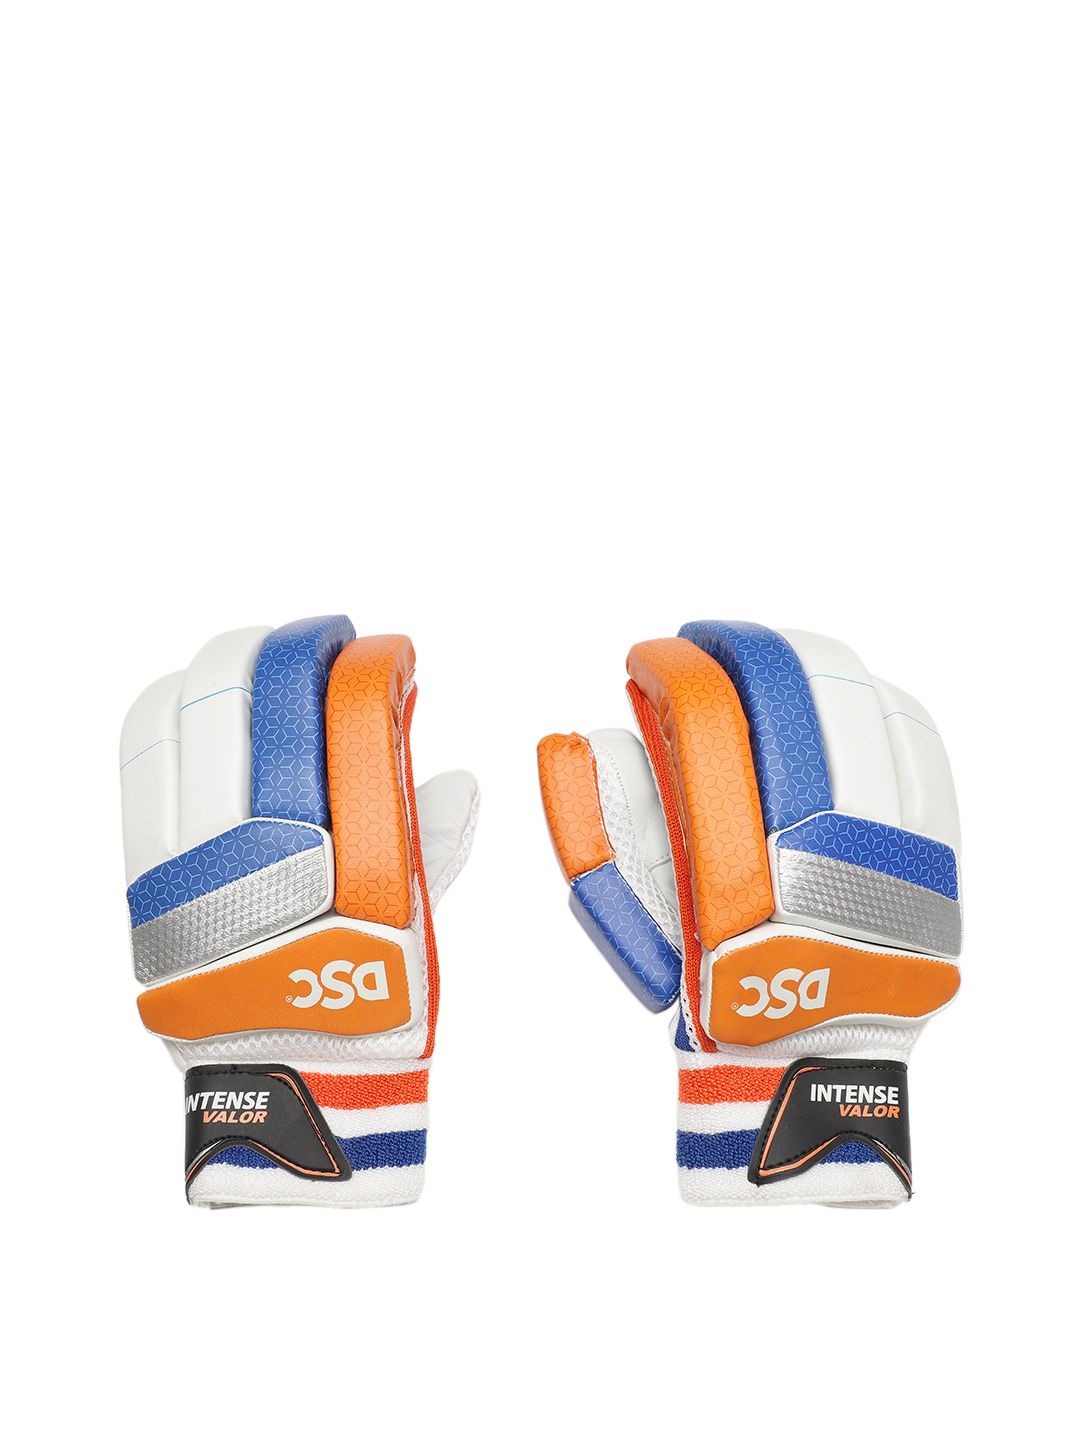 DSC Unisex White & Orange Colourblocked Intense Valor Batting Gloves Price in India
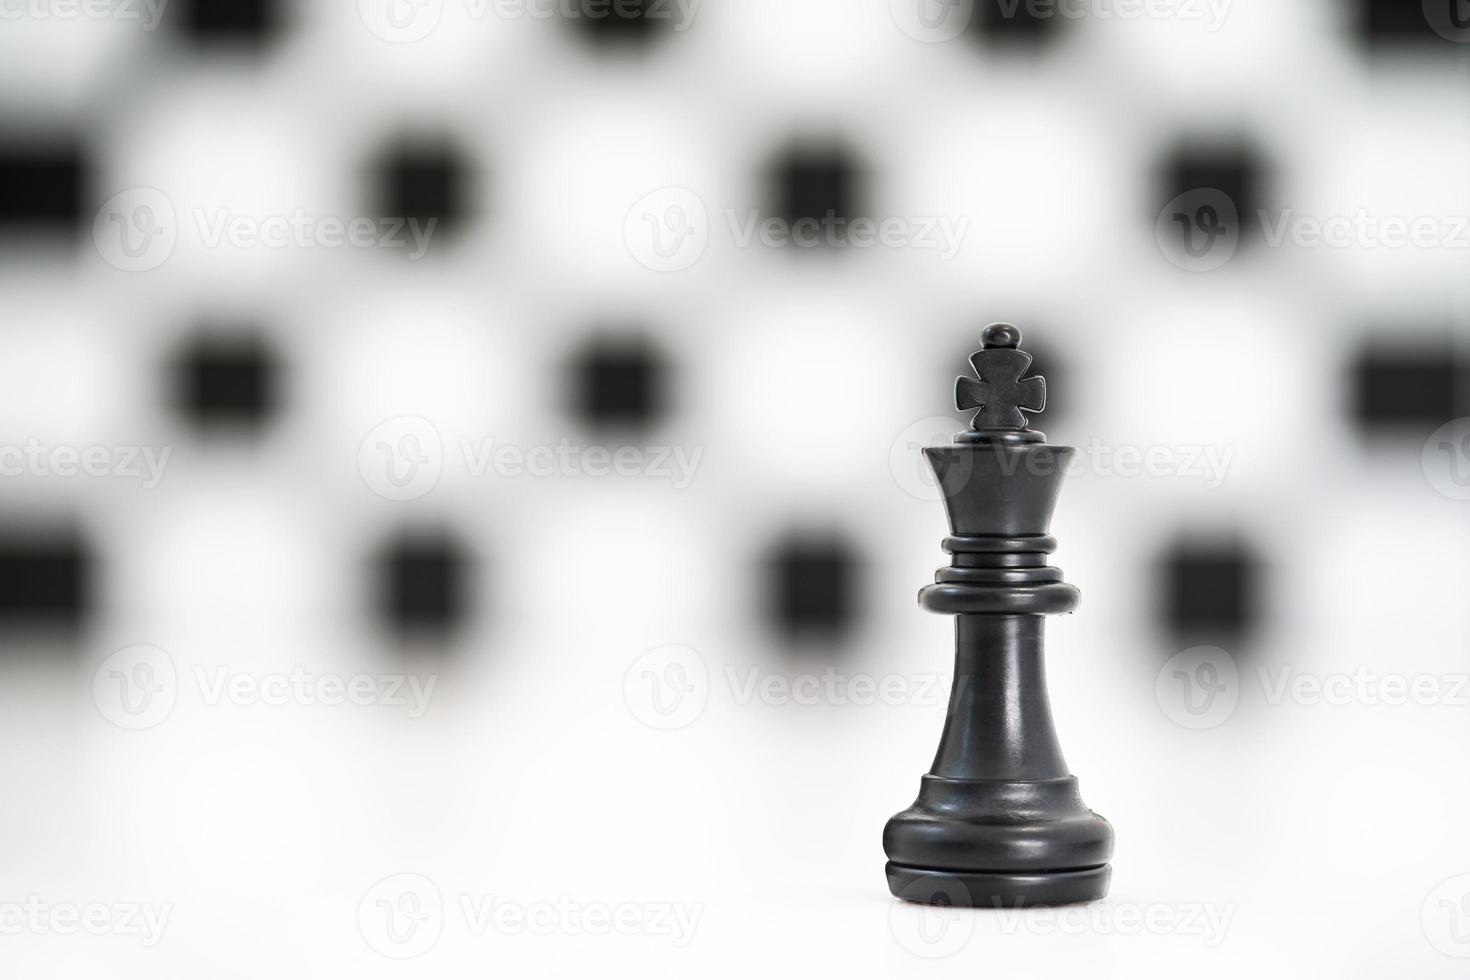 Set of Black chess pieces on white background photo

────────────────

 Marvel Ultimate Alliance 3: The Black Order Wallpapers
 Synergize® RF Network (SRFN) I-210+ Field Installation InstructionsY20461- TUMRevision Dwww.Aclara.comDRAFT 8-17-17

────────────────

§ Work to complete: Look above for the line with "DSC Unisex White", then give again exactly every line from there through the line with "Set of Black", skipping the pictures.

§ Answer to this exercise:
 DSC Unisex White & Orange Colourblocked Intense Valor Batting Gloves Price in India
 Set of Black chess pieces on white background photo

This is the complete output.